Not only have Baptists spent much of their history fighting outsiders, but they have consumed much energy fighting among themselves. The result has been a reduced credibility, an impoverished witness, and a fragmented church.

While Baptists have both heard and acted on the message of salvation in terms of personal conversion and world-wide missions, they have not acted on the message calling for Christian unity, if they have heard it. Yet, the Bible that proclaims the message of salvation is also the one that also proclaims the message about unity.

In Ephesians 4:1-6, Paul makes a passionate plea for a united church. We need to hear these words again.

First Paul offers....

The Incentives for Unity

Why seek unity? Why not feud and fight? The "oneness" of the Christian experience...calls on Christians to cease fighting. Paul reminds the church of seven essentials that call for unity. We dare not ignore them.

1. One Spirit.

Is the Holy Spirit divided within into various contentious groups? Does the Spirit engage in a spiritual tug of war? Of course not. The Spirit is one, only one, not two, not three, but one.

2. One faith.

Is our faith a splintered faith? No! It is only one faith, namely, "Jesus Christ is Lord."

3. One hope.

Is Christian hope cut into many pieces? No! There is only one hope of our calling, namely to be committed Christians who incarnate the church God calls us to be, knowing we are his hope for a lost world.

4. One baptism.

While baptism may take different expressions today (sprinkling, immersion), disagreement on this matter did not exist in Paul's day. The mode of baptism was not a bone of contention among Paul's churches. Furthermore, even today most Christians agree that baptism is important though they may disagree about its expression and even its meaning. So, is baptism fractured and broken? No! Though greater untiy existed on this matter in Paul's day, still we believe in and practice baptism. Let there be no doubt, in this church baptism is by immersion and is essential to church membership.

5. One Lord.

Is Christ divided? Is He torn by competing natures and warring factions? No! Not Christ. Christ is one. He was and is the Prince of Peace. And he offers peace to us. A conflicted, divided person would not fit the profile of Christ.

6. One God.

Is God fragmented? Is He a divided house? Absolutely not! He is the one true living God who reigns over all of His creation.

7. One body.

In view of the "oneness" or unity of the Christian experience, should there not be one body, the church? Of course!
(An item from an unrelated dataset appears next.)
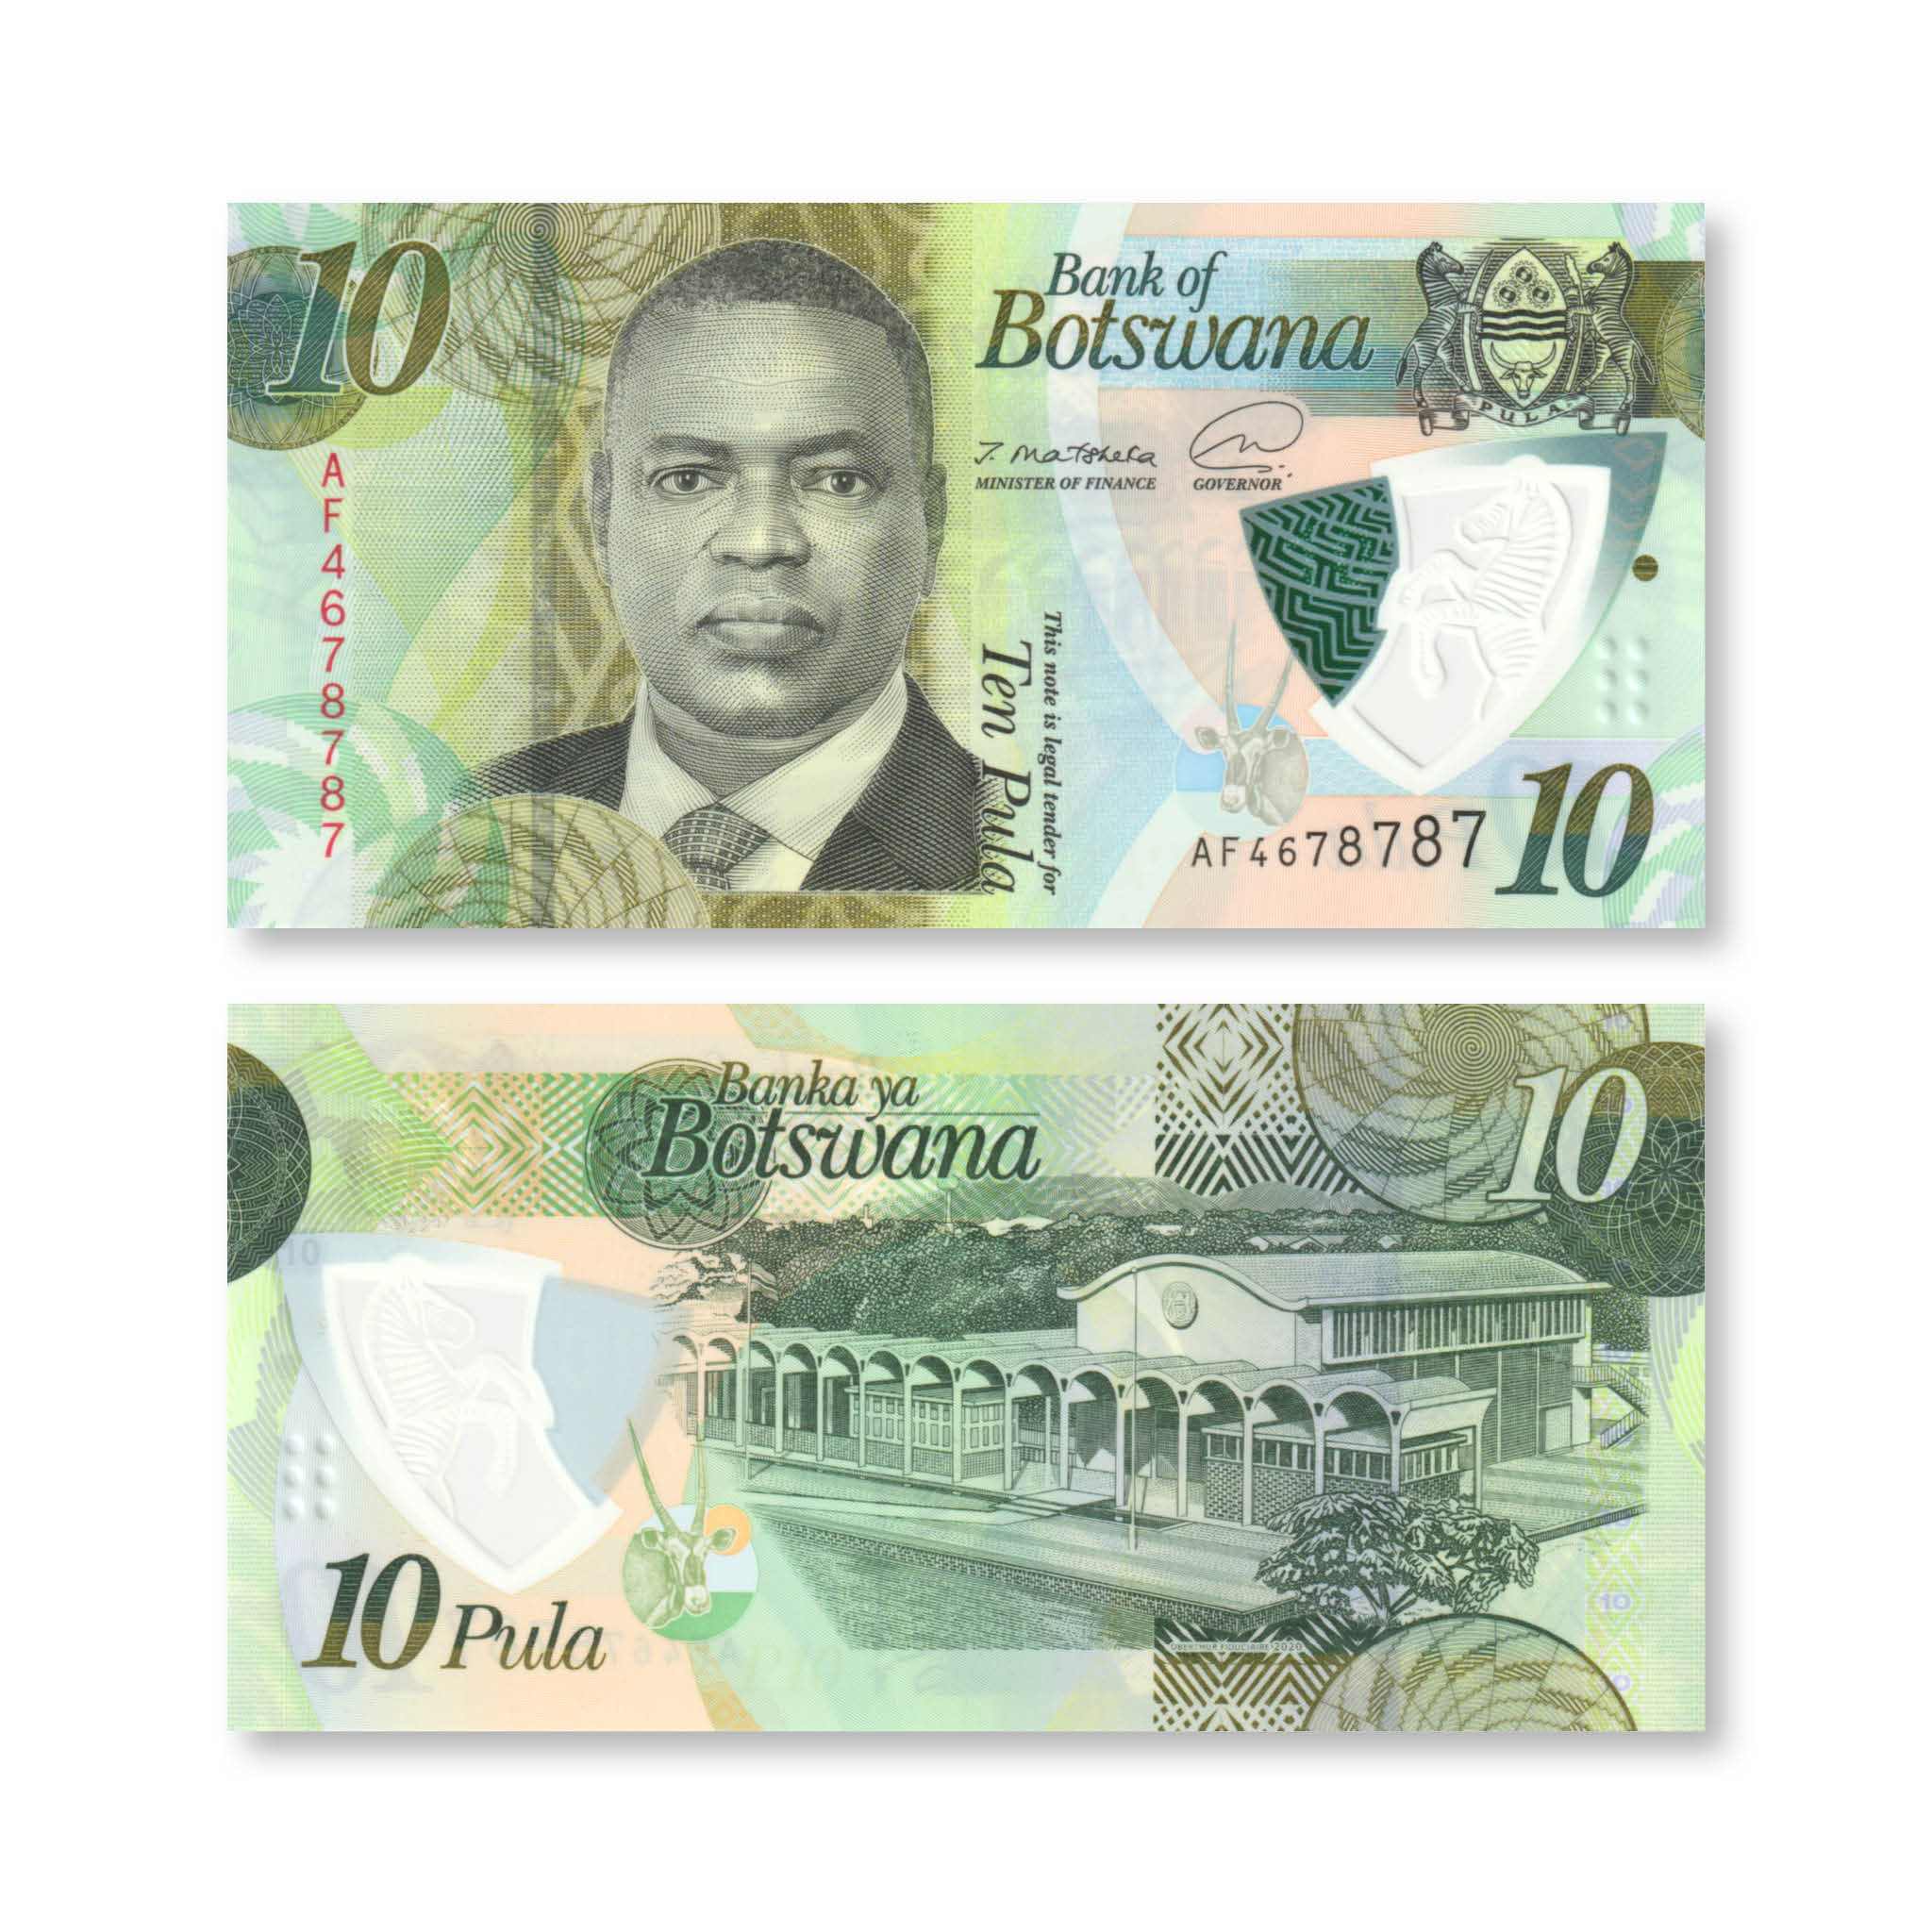 Botswana 10 Pula, 2020, B130b, UNC - Robert's World Money - World Banknotes
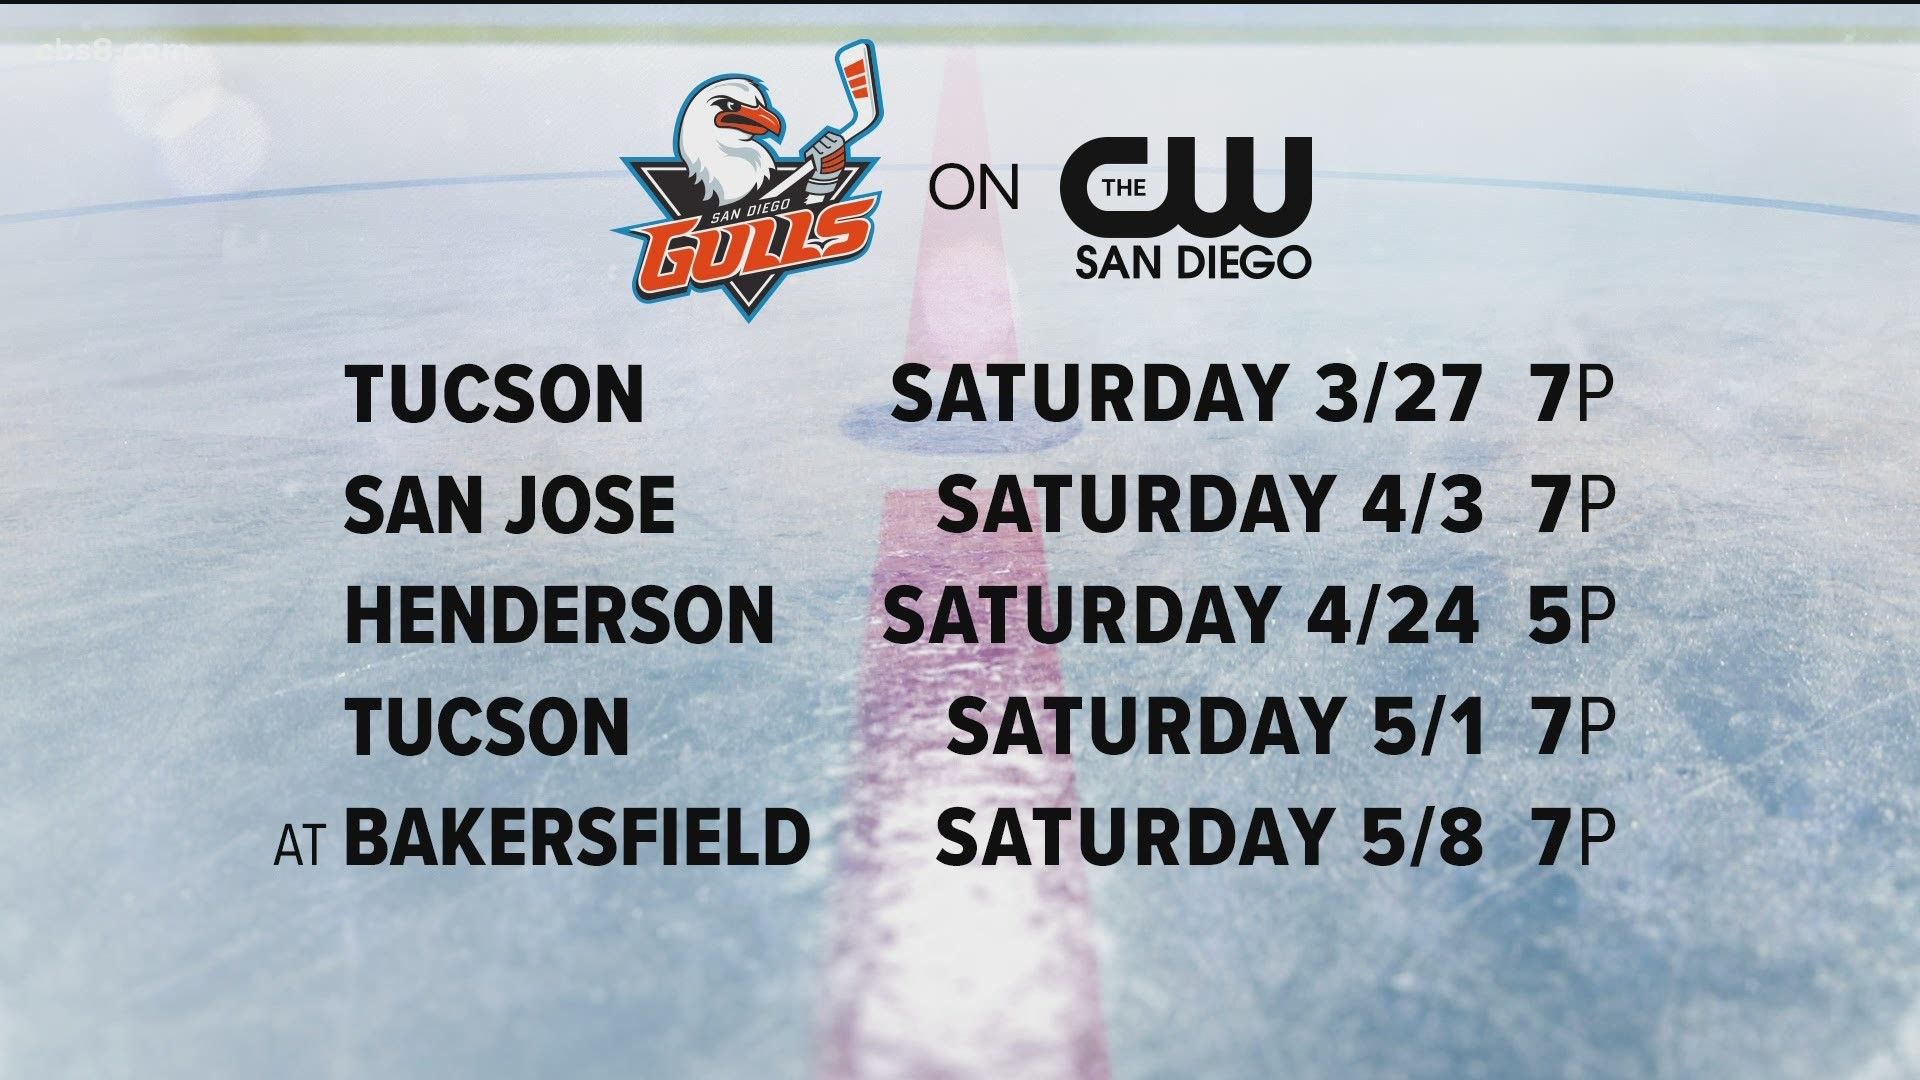 Ready to watch the San Diego Gulls?

To have one Spirit, one faith, one hope, one baptism, one Lord, one God, and then to have a divided, weakened, and contentious church is to be guilty of spiritual hypocrisy. These elements of unity call us to oneness and unity ourselves as a church. The oneness of the body is not simply an attribute of the church; it is the very essence of the church.

The meaning of "oneness"

"Oneness" does not mean uniformity, as if Christians were clones of only one thinker in the church. "Oneness" does not mean the suppression of thoughts and feelings relative to certain issues in church life. "Oneness does not refer to the superficial silence of those who blindly and blandly go along in order not to rock the boat.

Christian unity is a gift of the Spirit. We cannot create it. The Spirit does.

But we have the responsibility to guard it and maintain it. While we cannot create the unity, we can do much to destroy it.